Question

An ideal gas is enclosed in a vertical cylindrical container and supports a freely moving piston of mass M . The piston and the cylinder have equal cross-sectional area A. Atmospheric pressure is$p_0$ and when the piston is in equilibrium, the volume of the gas is V . The piston is now displaced slightly from its equilibrium position.
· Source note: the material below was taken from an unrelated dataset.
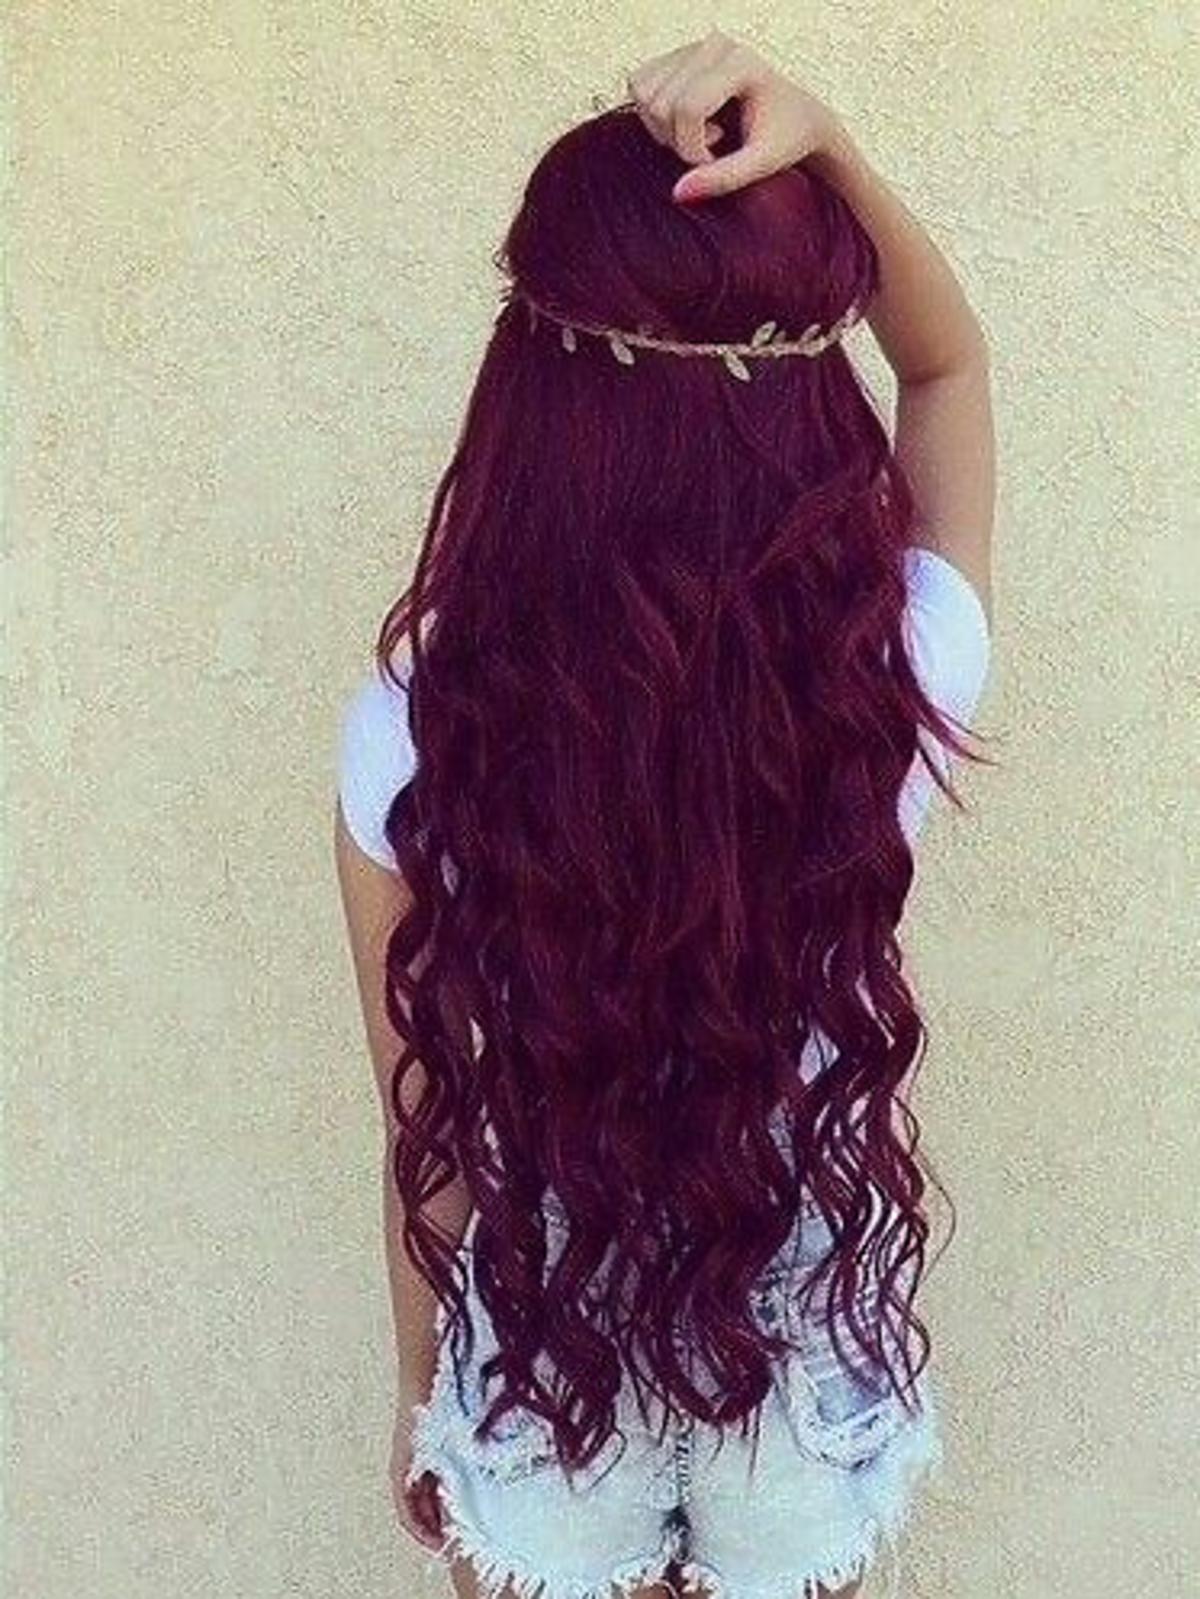 Burgundy hair

Assuming that the system is completely isolated from its surroundings, show that the piston executes SHM and find the frequency of oscillation.

Answer 1

Answer:

$\mathsf{\frac{1}{2 \pi}\sqrt{\frac{P_{0}A^{2}+MgA}{MV_{0}}}}$

Explanation:

Initially, when the piston of mass M is in equilibrium.
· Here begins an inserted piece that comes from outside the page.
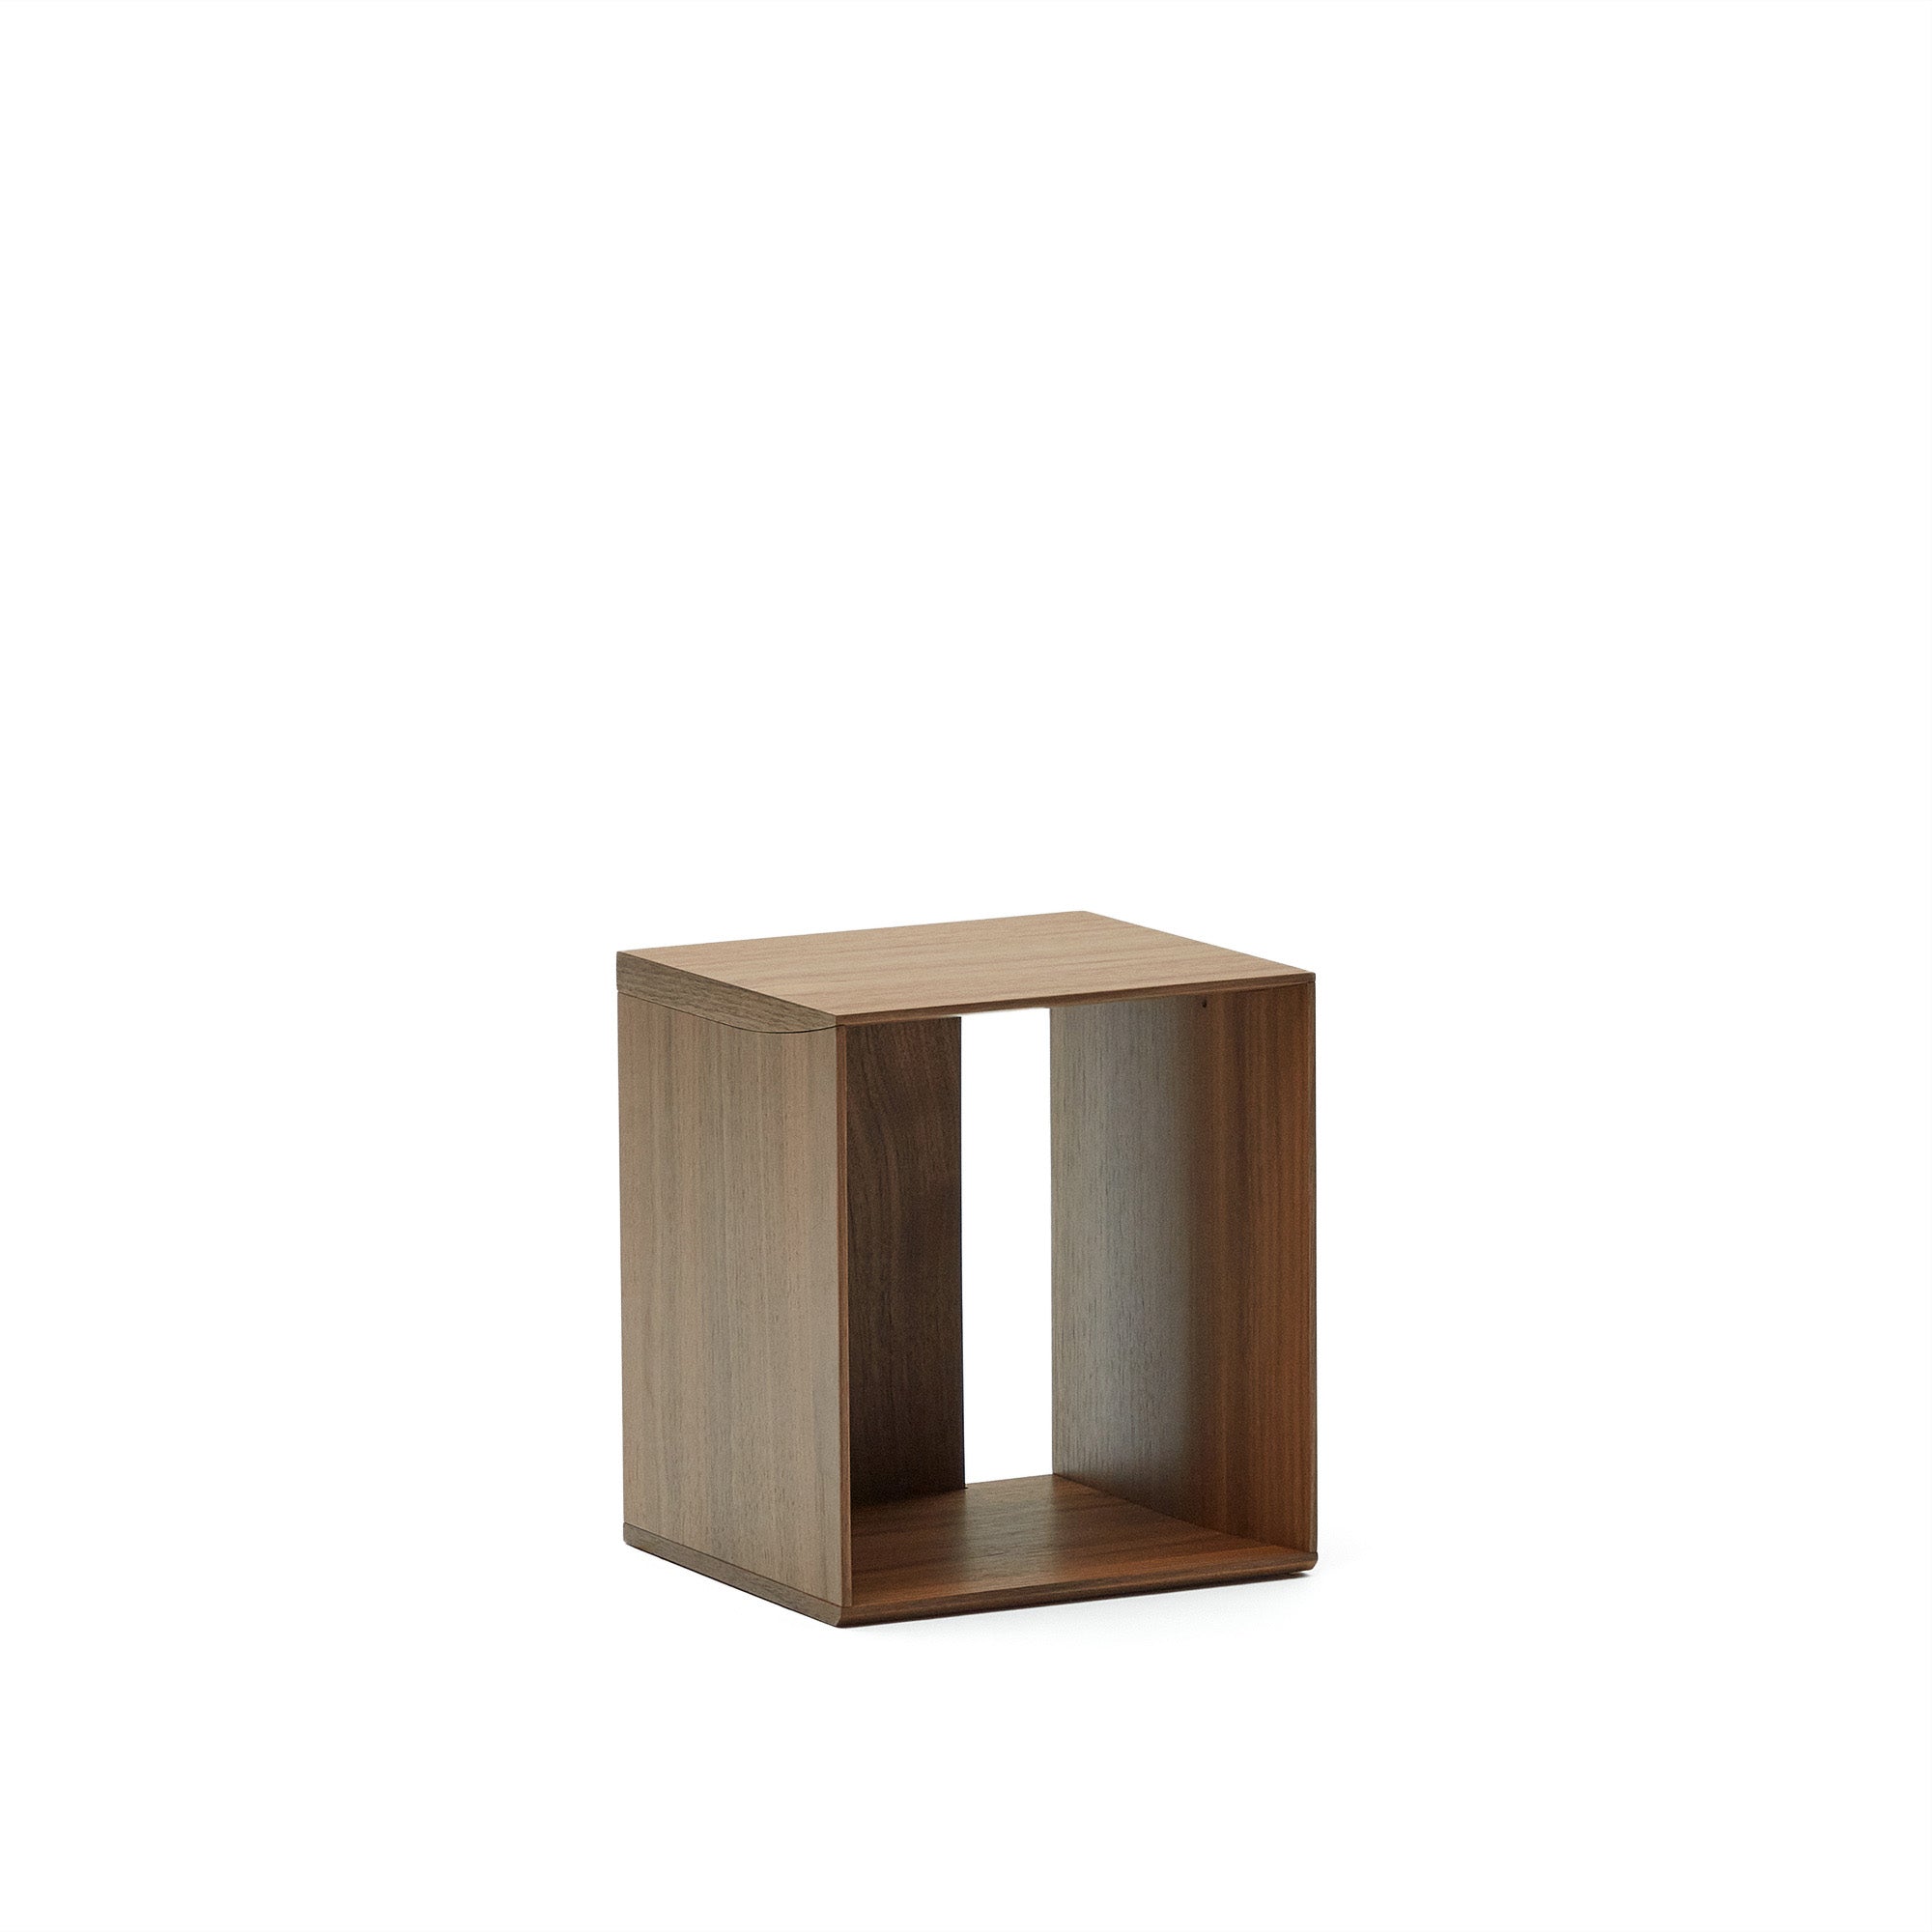 Litto small shelf module in walnut veneer, 34 x 38 cm

$\mathsf{P = P_{0} + \frac{Mg}{A}}$          ........(i)

Later, when the piston is displayed down slightly from the equilibrium position, a small decrease in volume of gas occurs.

∴ Decrease in volume = dV = -Ax       ....(ii)

As the system is completely isolated from surroundings, the process is adiabatic in nature.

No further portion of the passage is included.